As in 2 shown contains the rotation transmission mechanism 150 mainly a speed reduction mechanism having a plurality of gears, such. B. a first gear 151 coaxial with the intermediate shaft 116 is arranged, and a second gear 153 that with the first gear 151 engaged. The second gear 153 is on the cylinder 129 fits and transmits the rotation of the first gear 151 to the cylinder 129 , If the cylinder 129 is turned, the tool holder 159 that is integral with the cylinder 129 connected, turned. As a result, the hammer bit becomes 119 passing through the tool holder 159 is held, driven rotating. The rotation transmission mechanism 150 FIG. 10 is an exemplary embodiment that corresponds to the "rotary drive mechanism" according to the present invention.

As in 2 shown is the gear 151 a substantially cylindrical member and is loose on the intermediate shaft 116 fit. The first gear 151 has a spline engaging part 152 on and can be fitted with a spline groove, which is connected to the intermediate shaft 116 is designed to be engaged. That's why the first gear is 151 configured together with the intermediate shaft 116 to rotate and in the longitudinal direction with respect to the intermediate shaft 116 to glide. In particular, when the first gear 151 is in a forward position, the spline engagement portion is 152 of the first gear 151 not in engagement with the intermediate shaft 116 and a rotation of the intermediate shaft 116 will not be on the first gear 151 transferred so that the first gear 151 not turned. On the other hand, if the first gear 151 is in a rear position, are the spline engaged part 152 of the first gear 151 with the intermediate shaft 116 engaged, and the rotation of the intermediate shaft 116 gets to the first gear 151 transferred so that the first gear 151 together with the intermediate shaft 116 rotates. 2 shows the state in which the first gear 151 located in the rear position.

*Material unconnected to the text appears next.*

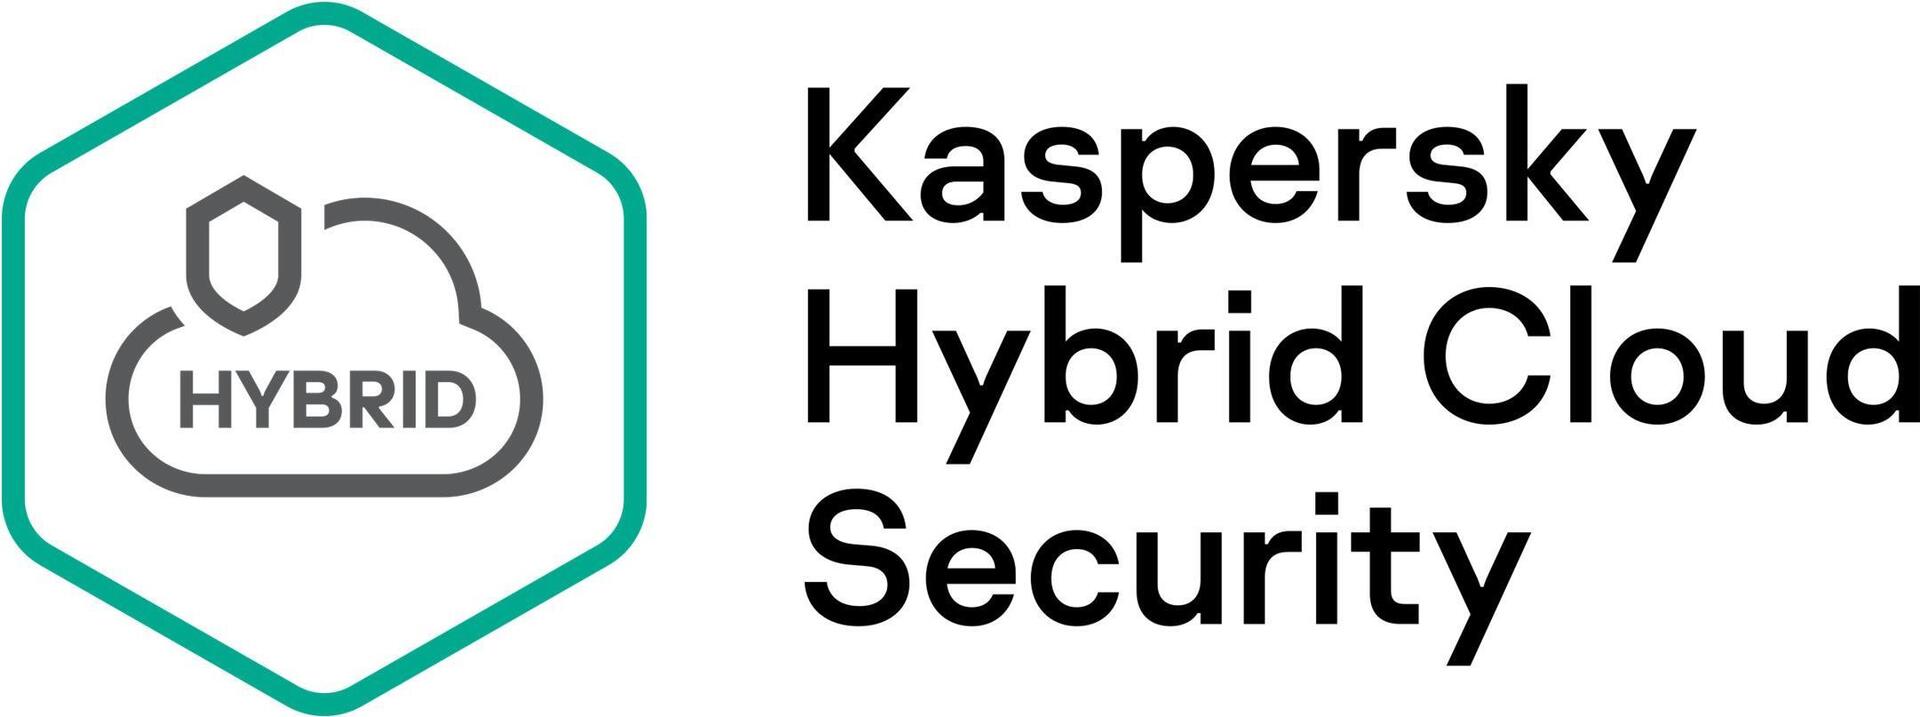 Kaspersky Hybrid Cloud Security (KL4554XADD9)

When a user has a switching mechanism 198 (a mode switching wheel), which is in 5 is shown, actuated, the first gear 151 between the front position, the rear position and in an intermediate position between the front position and the rear position are switched. In particular, the first gear 151 in the front position, the rear position or the intermediate position by a holding member 155 held. Furthermore, the switching mechanism 198 a beat mechanism part movement prevention part 156 on. When the first gear 151 is in the rear position, comes the impact mechanism part movement prevention part 156 in contact with the component 130 To prevent the tool holder 159 and the cylinder 129 move backwards. Specifically, the impact mechanism part movement prevention part switches 156 between a percussion mechanism part movement prevention state for preventing the tool holder 159 and the cylinder 129 move backwards, by contact with the tool holder 159 and the cylinder 129 , and a percussion mechanism part movement enabling state for allowing the tool holder 159 and the cylinder 129 move backwards without being in contact with the tool holder 159 and to come to the cylinder. When the first gear 151 located in the forward position, is the transmission of torque from the intermediate shaft 116 to the first gear 151 interrupted. At this time, the first gear is 151 by a prevention member (not shown) connected to the first gear 151 engages the rotation of the first gear 151 to prevent it from turning. If the first gear 151 is in the rear position, is the transmission of torque from the intermediate shaft 116 to the first gear 151 allows. At this time, the prevention member does not stand with the first gear 151 engaged so that the first gear 151 can turn. When the first gear 151 is in the intermediate position, is the transmission of torque from the intermediate shaft 116 to the first gear 151 interrupted. At this time, the prevention member is not engaged with the first gear 151 so that the first gear 151 can turn.

When the first gear 151 is in the rear position and the striking mechanism part movement enabling state is selected become the rotation transmitting mechanism 150 and the impact mechanism part is driven so that a hammer drilling operation is performed. In other words, the drive mode is with the switching mechanism 198 switched to a hammer drill mode. Furthermore, when the first gear 151 is in the rear position and the impact mechanism part movement prevention state is selected becomes the rotation transmission mechanism 150 driven, but the impact mechanism part is not driven (power is not transmitted to the impact mechanism part). As a result, a drilling operation is performed. In other words, the drive mode is with the switching mechanism 198 switched to a drilling mode. On the other hand, if the first gear 151 is in the front position, comes the impact mechanism part movement prevention part 156 not in contact with the tool holder 159 and the cylinder 129 and it's the tool holder 159 and the cylinder 129 allows you to move backwards. In particular, when the first gear 151 is in the forward position becomes the rotation transmission mechanism 150 not driven (power is not transmitted to the rotation transmitting mechanism) and the striking mechanism part is driven. As a result, a hammering operation is carried out. In other words, the drive mode is with the switching mechanism 198 switched to a hammer mode. Furthermore, when the first gear 151 is in the intermediate position, is the transmission of torque from the intermediate shaft 116 to the first gear 151 interrupted, but a rotation of the first gear 151 is possible. Thus, a rotation of the tool holder 159 that with the first gear 151 connected, allows. Therefore, the user can manually change the tool accessories, such as a flat chisel or a spatula, through the tool holder 159 is held, rotate to an angular position. Furthermore, the detailed description of the structure of the switching mechanism 158 for simplicity's sake. The hammer drill mode, the hammer mode and the Drilling modes are exemplary embodiments that correspond to the "first drive mode", the "second drive mode", and the "third drive mode" according to the present invention, respectively. The switching mechanism 198 FIG. 10 is an exemplary embodiment that corresponds to the "drive mode switching part" according to the present invention.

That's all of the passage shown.